● **WORK ORDER**:
What you return should be the lines from the one with "Photographie colorée à" through the one with "Photographie en noir" in the data below, reproduced exactly with both ends, and no pictures at all.

● **GIVEN RECORDS**:
Content starts

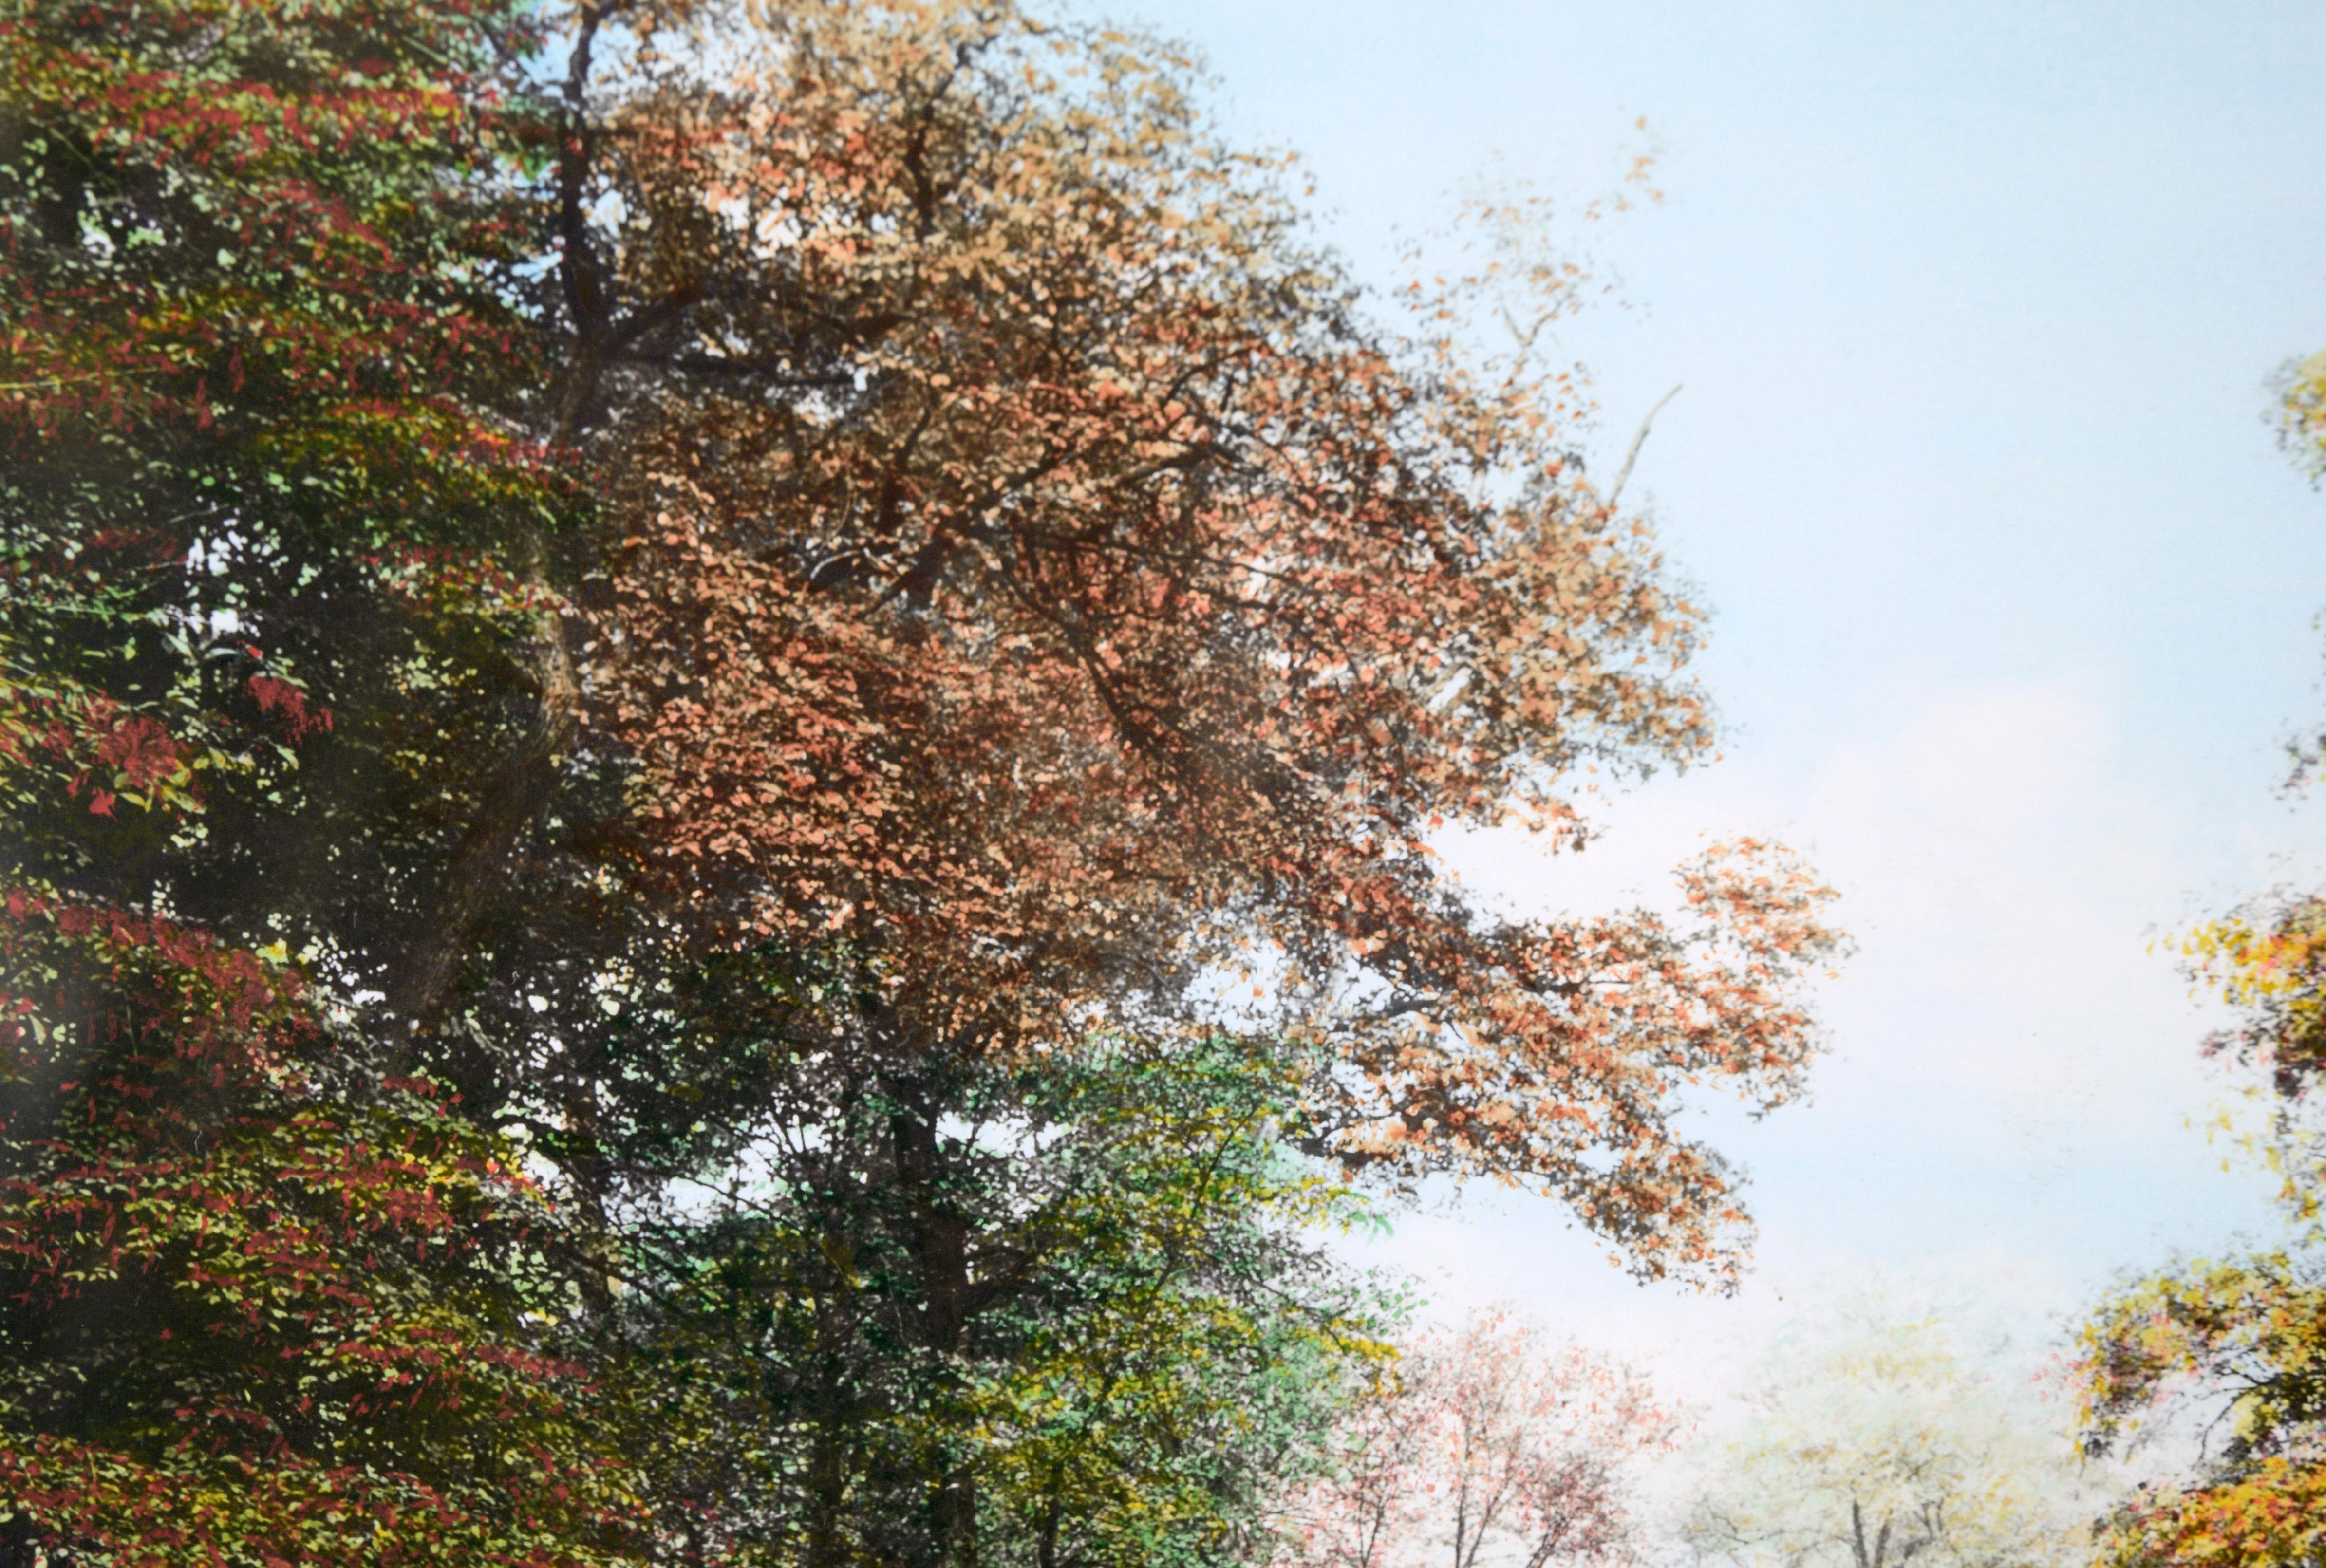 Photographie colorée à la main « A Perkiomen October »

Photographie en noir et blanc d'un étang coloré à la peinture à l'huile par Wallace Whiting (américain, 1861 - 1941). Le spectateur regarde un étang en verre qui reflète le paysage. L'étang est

Content ends
Content starts

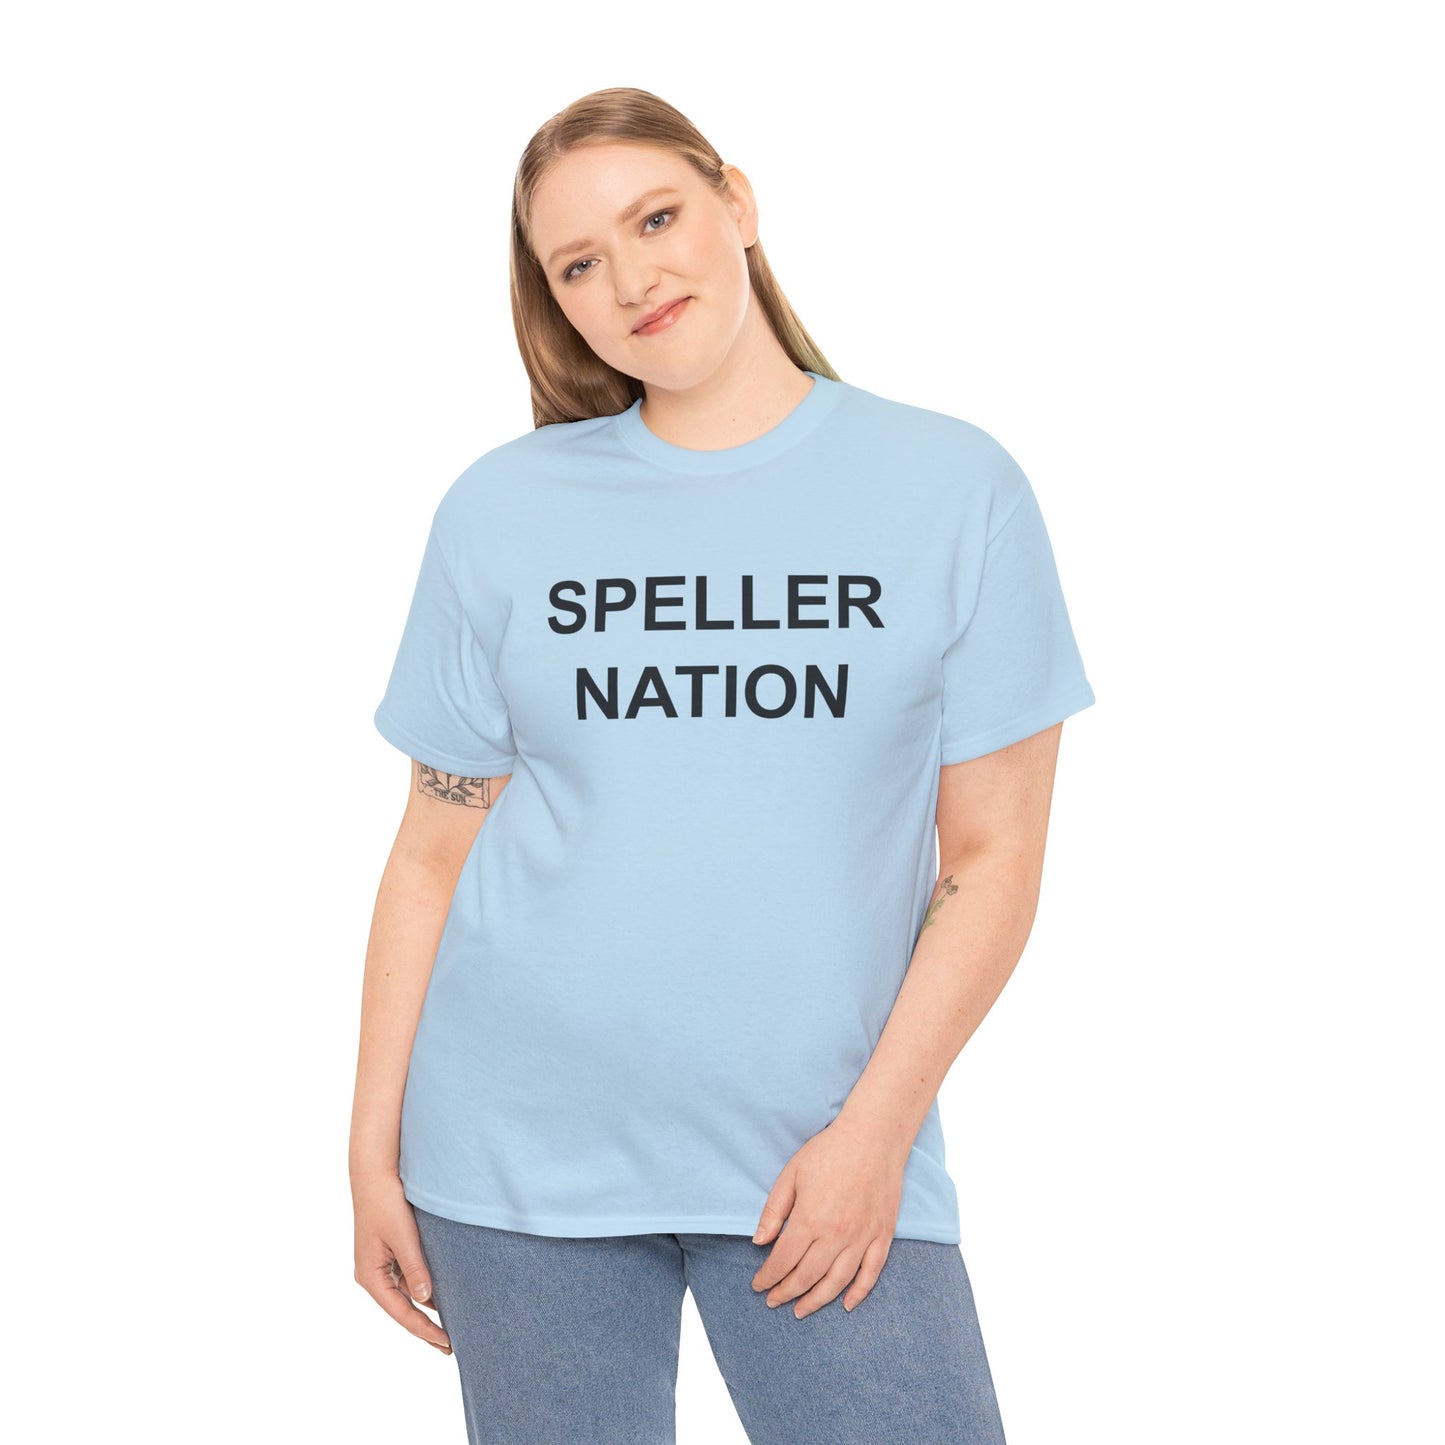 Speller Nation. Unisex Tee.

Content ends

● **SOLUTION FOR THIS PROBLEM**:
 Photographie colorée à la main « A Perkiomen October »

Photographie en noir et blanc d'un étang coloré à la peinture à l'huile par Wallace Whiting (américain, 1861 - 1941). Le spectateur regarde un étang en verre qui reflète le paysage. L'étang est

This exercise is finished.